BAB 31 • TERTANGKAP

55.5K 2.6K 436
                                    

31. TERTANGKAP

06.30 WITA.

Pagi hari sekali, Luna yang sedang tertidur pulas lantas terbangun ketika merasakan sesuatu yang aneh. Gadis berpiyama beruang itu segera menyibak selimut putih yang menutupi tubuhnya dan Virza. Ia berlari menuju kamar mandi dengan tergesa-gesa.

Huek!

Huek!

Huek!

Luna merasakan mual disertai dengan rasa pusing yang menyerang kepalanya.

Setelah mencuci mulutnya di wastafel, Luna menatap pantulan dirinya di cermin wastafel. Wajahnya terlihat begitu pucat. "Badan aku lemas banget," gumamnya.

"Lo sakit?" Virza yang terbangun setelah mendengar suara Luna. Dengan keadaan yang masih mengantuk, gadis itu pun menghampiri sahabatnya di kamar mandi.

"Aku ngebangunin kamu, ya? Maaf." Luna menatap Virza dengan tak enak hati.

"Nggak apa-apa, santai aja. Lo sakit? Udah minum obat?" tanya Virza. Luna menggelengkan kepalanya sebagai jawaban.

"Ya udah, kamu mandi dulu habis itu kita sarapan sama-sama. Entar aku keluar buat beliin kamu obat. Kayaknya persediaan obat di P3K aku udah habis."

"Makasih, Virza. Maaf, ya, aku jadi ngerepotin kamu."

"Nggak usah minta maaf, persediaan obat di kotak P3K gue emang udah harus diisi lagi. Buruan bersih-bersih sana, habis itu kita sarapan bareng."

"Okeyy."

Setelah mandi dan berpakaian, Luna yang sudah rapi segera pergi ke dapur dan membantu Virza menyiapkan sarapan untuk mereka. Keduanya kemudian duduk di meja makan sambil mengobrol santai.

"Ohh, iya, Za.
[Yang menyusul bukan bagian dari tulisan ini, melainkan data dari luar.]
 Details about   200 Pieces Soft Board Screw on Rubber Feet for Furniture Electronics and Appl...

Orang tua kamu sekarang gimana kalau kamu ada di sini?" tanya Luna penasaran sambil memasukkan sesendok nasi goreng ke mulutnya.

Virza menengguk segelas air putih dan kemudian menatap Luna di depannya. "Mereka udah dibeliin rumah yang baru sama Kak Kellan. Kak Kellan ngurusin aku sampai sejauh itu, makanya aku cinta banget sama dia."
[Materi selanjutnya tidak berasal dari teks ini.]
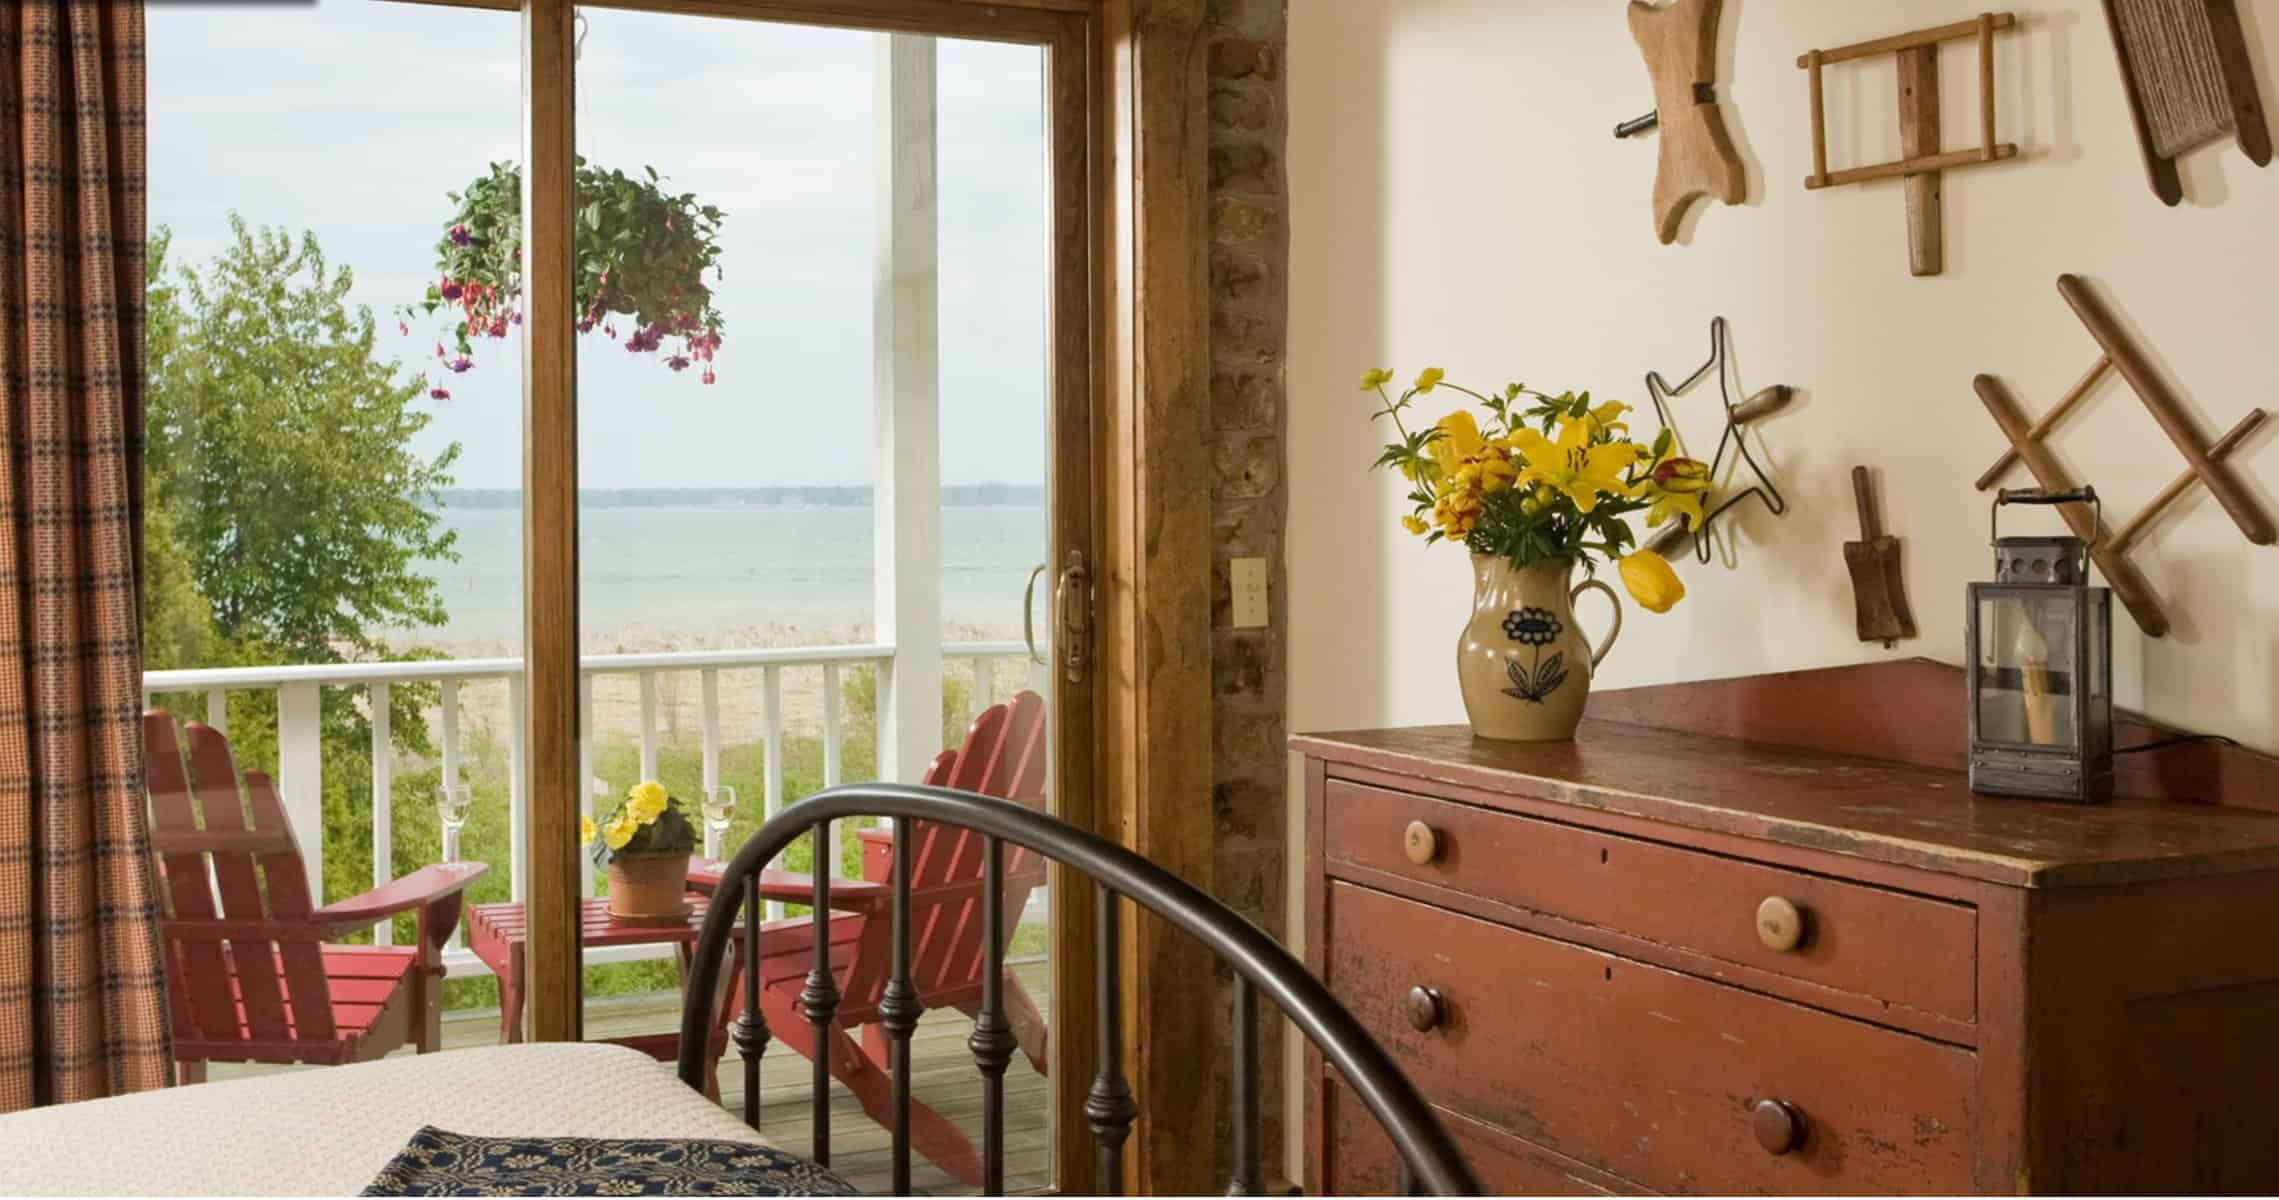 blacksmith inn door county, view of a room with lake michigan in the background

"Ohhh, tapi orang tua kamu tahu kalau kamu sama Kak Kellan?"

"Mereka tahu, tapi mereka nggak peduli. Yang mereka peduliin itu cuman duit yang tiap bulan ditransfer sama Kak Kellan. Kalau aku kenapa-kenapa mereka nggak bakal peduli." Virza terlihat begitu santai mengatakannya, berbeda dengan Luna yang cukup kaget. Sepertinya kisah hidupnya dan Virza hampir sama.

"Ngomong-ngomong, orang tua lo mana? Setiap gue ke rumah lo, gue nggak pernah ngelihat orang tua lo."
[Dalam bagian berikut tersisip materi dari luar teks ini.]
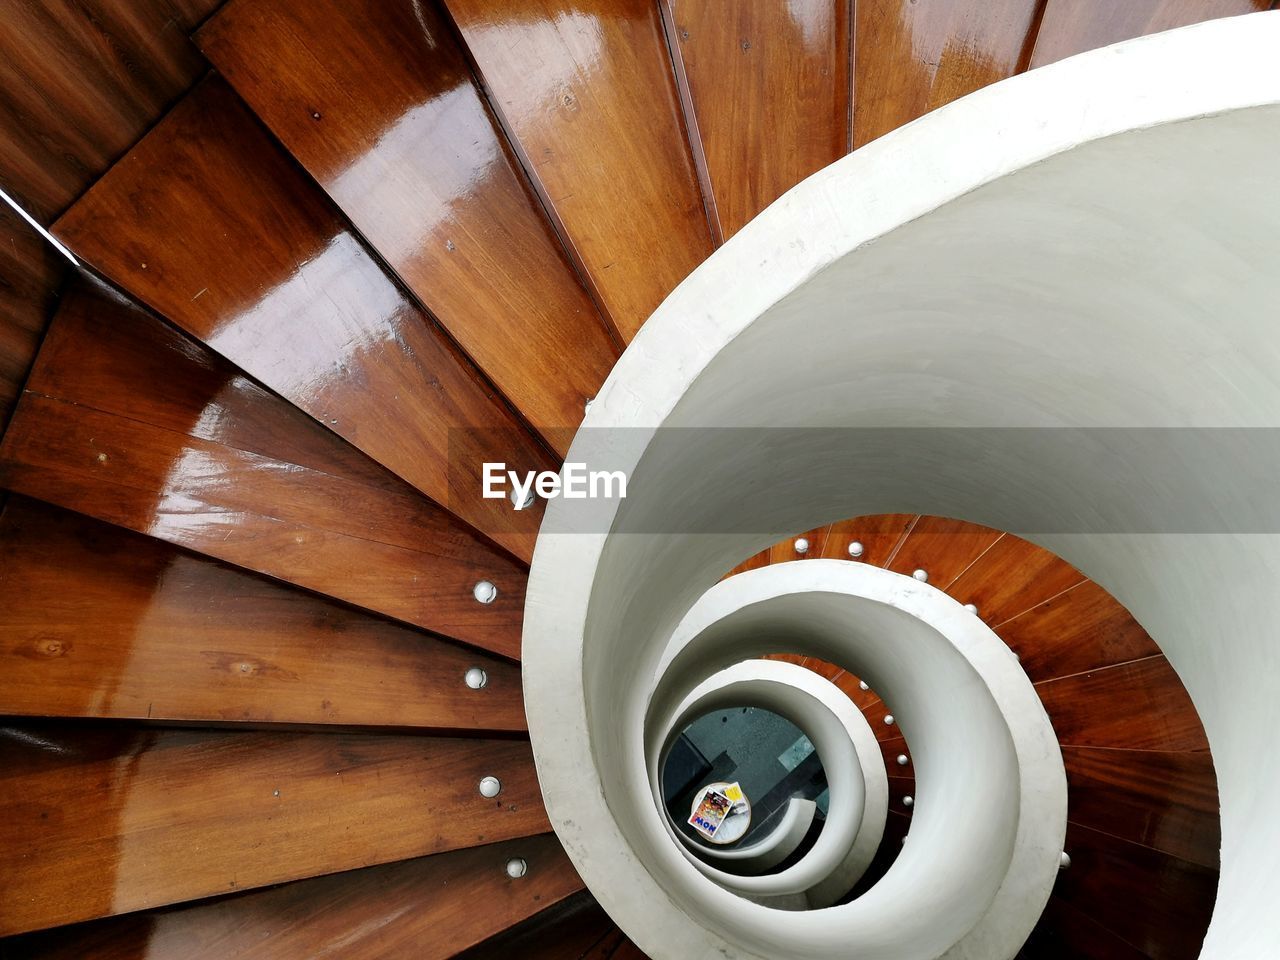 Directly below shot of wooden spiral staircase

"Ohh ... Papa aku udah meninggal beberapa tahun yang lalu, sementara Mama aku udah nikah lagi."

"Tapi, Mama lo tahu kalau lo tinggal bareng Kak Xavier di apartemen-nya?"

"Mama aku nggak tahu. Ya ... walaupun dia tahu, kayaknya dia juga nggak bakal peduli deh. Dia aja nelantarin aku sekarang sendirian." Luna tersenyum miris mengatakan itu.

Hari ini masih pagi, namun dirinya dan Virza sudah berbagi luka.

Setelah sarapan, Virza pun bergegas pergi untuk membeli obat-obatan sekaligus bahan masakan. Tadinya Luna ingin ikut menemani Virza, namun Virza melarangnya dengan tegas karena Luna sedang tidak enak badan.

"Lo di sini aja. Kalau ada apa-apa telepon gue. Gue cuman sebentar," ujar Virza yang sudah berada di depan pintu.

Luna menghela nafas. "Ya udah, kamu hati-hati, ya?"

"Iya."

Virza pun berjalan meninggalkan apartemen-nya yang ada Luna di dalam sana. Gadis itu masuk ke dalam lift dan bergegas menuju apotek terdekat.